Выбрать главу

– Глори, прости, пожалуйста, – повторила Стэйси.

– Да все в порядке, – ответила я, мысленно оплакивая ее внучек.

– Я не хотела тебя унизить. – Тут я поняла, что она говорила про колледж. Видимо, нормальные люди на выпускном думали о чем-то таком. О будущем. Об учебе. О семье. О взрослой жизни.

– Ты меня и не унизила, – ответила я и ощутила в кармане открытку с пятьюдесятью тысячами долларов. – Я просто еще не определилась и решила дать себе свободный год. И все.

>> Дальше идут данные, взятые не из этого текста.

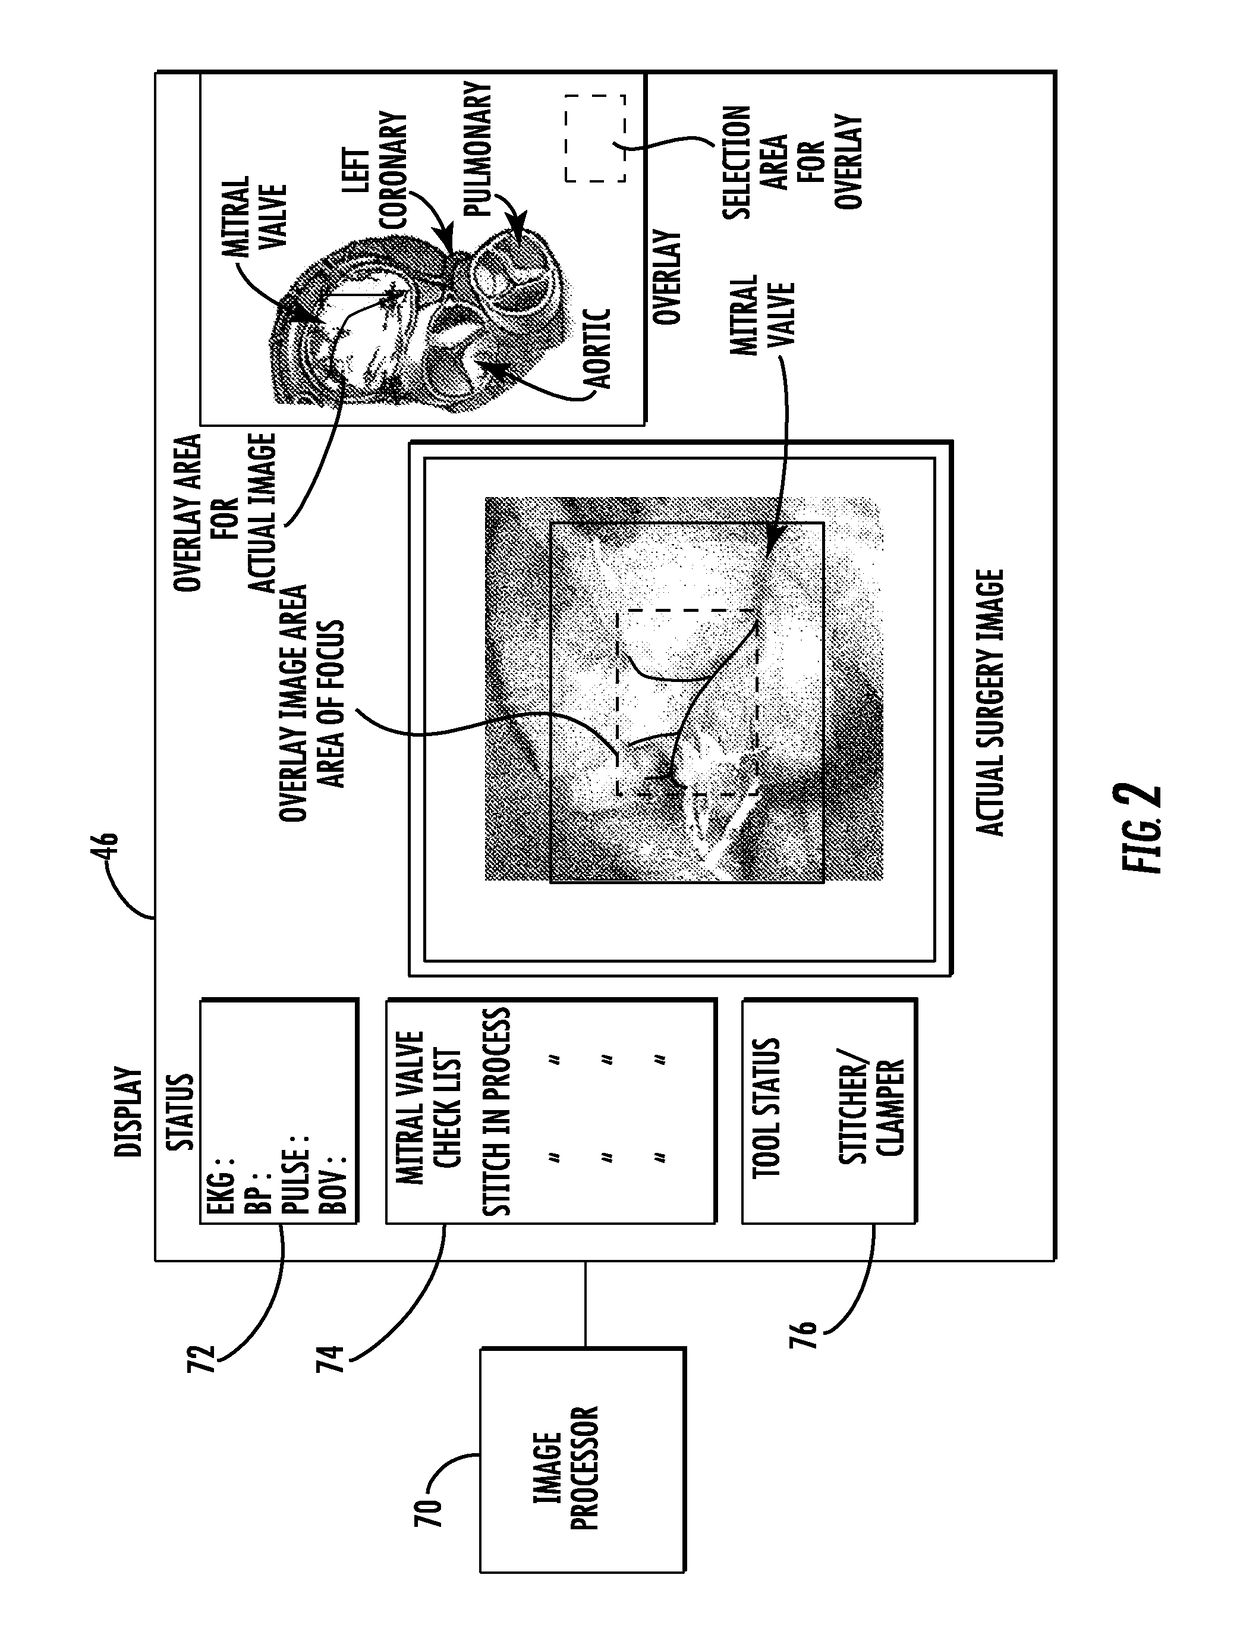 Telerobotic surgery system using minimally invasive surgical tool with variable force scaling and feedback and relayed communications between remote surgeon and surgery station

Стэйси быстро кивнула, глядя в сторону двери за моей спиной:

– Ладно, хорошо, удачи, – снова обняла меня и ушла.

Я стояла и смотрела, как толпа выпускников отдает свои мантии, строит планы на колледж, будущее, семью и взрослую жизнь. Все выглядели довольными своим местом на конвейерной ленте жизни. Они не подозревали, что впереди Вторая Гражданская война.

========== История будущего Глори ОБрайан ==========

Меня зовут Глори О’Брайан, и я пишу эту историю, потому что скоро случится кое-что важное. И плохое. Я немного об этом знаю. Не могу сказать вам, откуда, но я знаю некоторые вещи и хочу записать их сюда, чтобы кто-нибудь потом тоже смог их узнать.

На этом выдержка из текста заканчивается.